With many celebrating into the wee hours and sleeping in the morning, lift lines are usually short. When others leave early to watch football, the entire day is a good one to ski. I’ll be out early Tuesday morning.

My only resolutions are to ski more than last year and to see how many of Maine’s ski areas I can get to. Not very specific but easily achieved, which is my kind of goal. One area I’m sure to get to during the next month is Shawnee Peak. It was 75 years ago this January in 1938 that Pleasant Mountain opened with rope tows. The big celebration day will be Saturday, Jan.12, with daylong festivities and a special dinner that night. Details are still being worked out but skiers will see the 75th birthday theme at the mountain throughout the season.

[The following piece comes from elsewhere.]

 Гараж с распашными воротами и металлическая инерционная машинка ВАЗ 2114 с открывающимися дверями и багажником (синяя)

January is full of special events at Maine’s ski areas, and tomorrow night is the final day of December is always party night at a number of areas. Some are reservation-only events and others are open so if you plan on ringing in the new year at your favorite ski area. Check their website or call them for details.

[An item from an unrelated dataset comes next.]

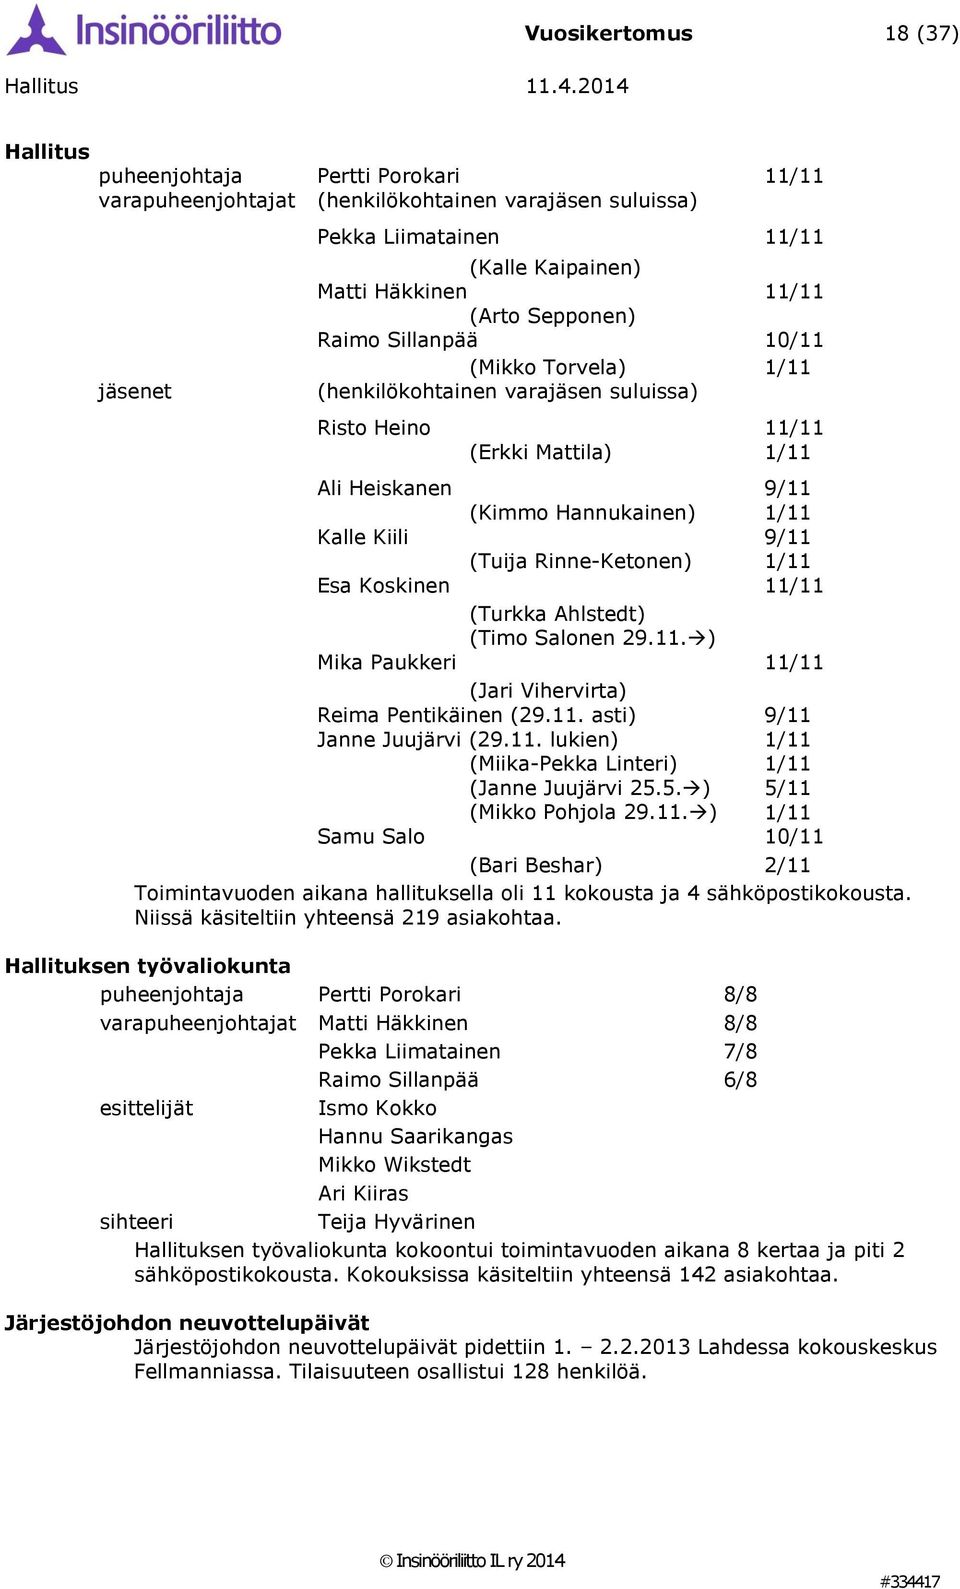 Esa Koskinen 11/11 (Turkka Ahlstedt) (Timo Salonen 29.11. ) Mika Paukkeri 11/11 (Jari Vihervirta) Reima Pentikäinen (29.11. asti) 9/11 Janne Juujärvi (29.11. lukien) (Miika-Pekka Linteri) (Janne Juujärvi 25.

For new and one-time skiers who want to return to the sport, January is Learn to Ski and Snowboard month with numerous programs to learn. The offers vary from one area to another so check with your area for details. I can’t vouch for snowboarding, but I do know that it has never been easier to learn to ski. Part of it is the quality of instruction which has improved greatly over the years and the rest is the equipment. Even advanced skiers are now on shorter skis and today’s rentals have the latest technology and almost turn themselves. If you or someone you know is interested in taking up the sport, January is the month.

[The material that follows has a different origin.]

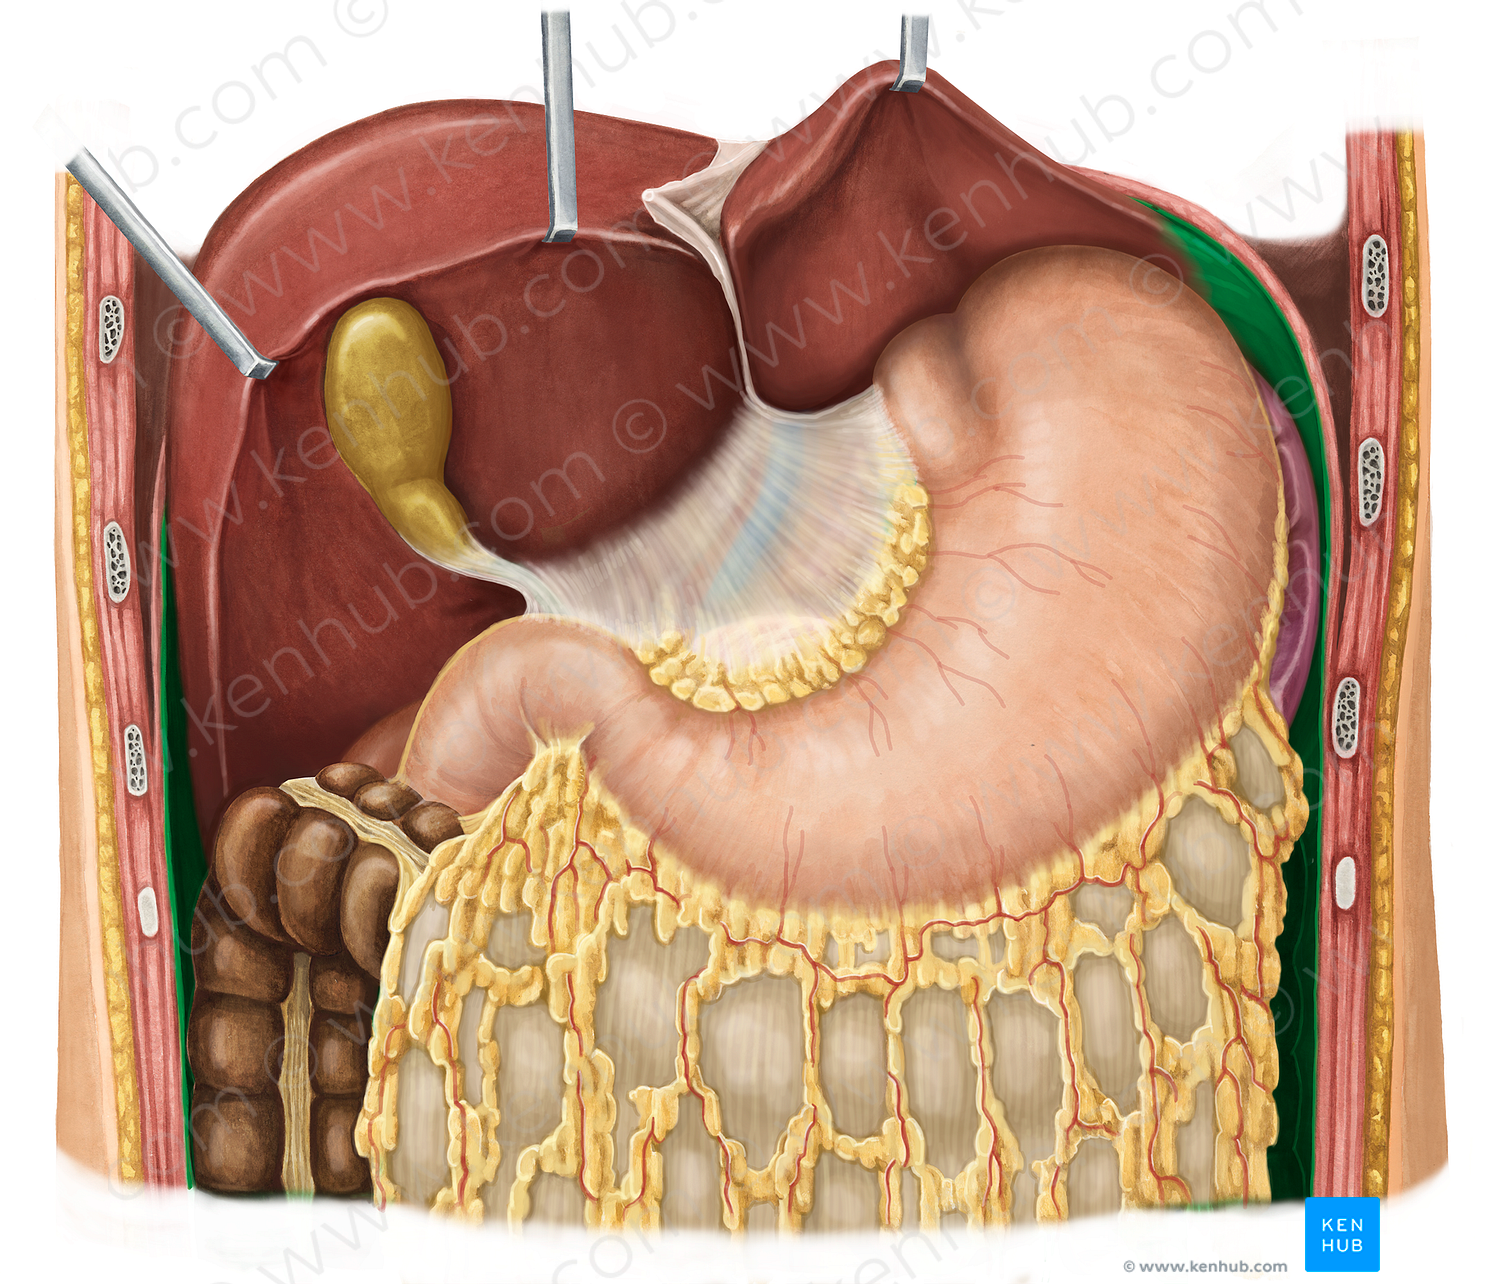 Parietal peritoneum (#7880)

A quick check of the calendar found an abundance of events and special deals. One of the first is Ski Free at Lost Valley with Emerson Toyota and LA Harley. Free skiing is always good. Saturday the 5th, Shawnee Peak provides the lift tickets for an outreach program to the Boys and Girls Club of Dorchester, part of an effort to bring skiing to inner city kids. The next day donate blood at Shawnee Peak and receive a free lift ticket good for a day of skiing mid week. Sunday the 6th is also Maine day at Saddleback and the kick off of Sugarloaf’s College Snowfest — a weeklong promotion.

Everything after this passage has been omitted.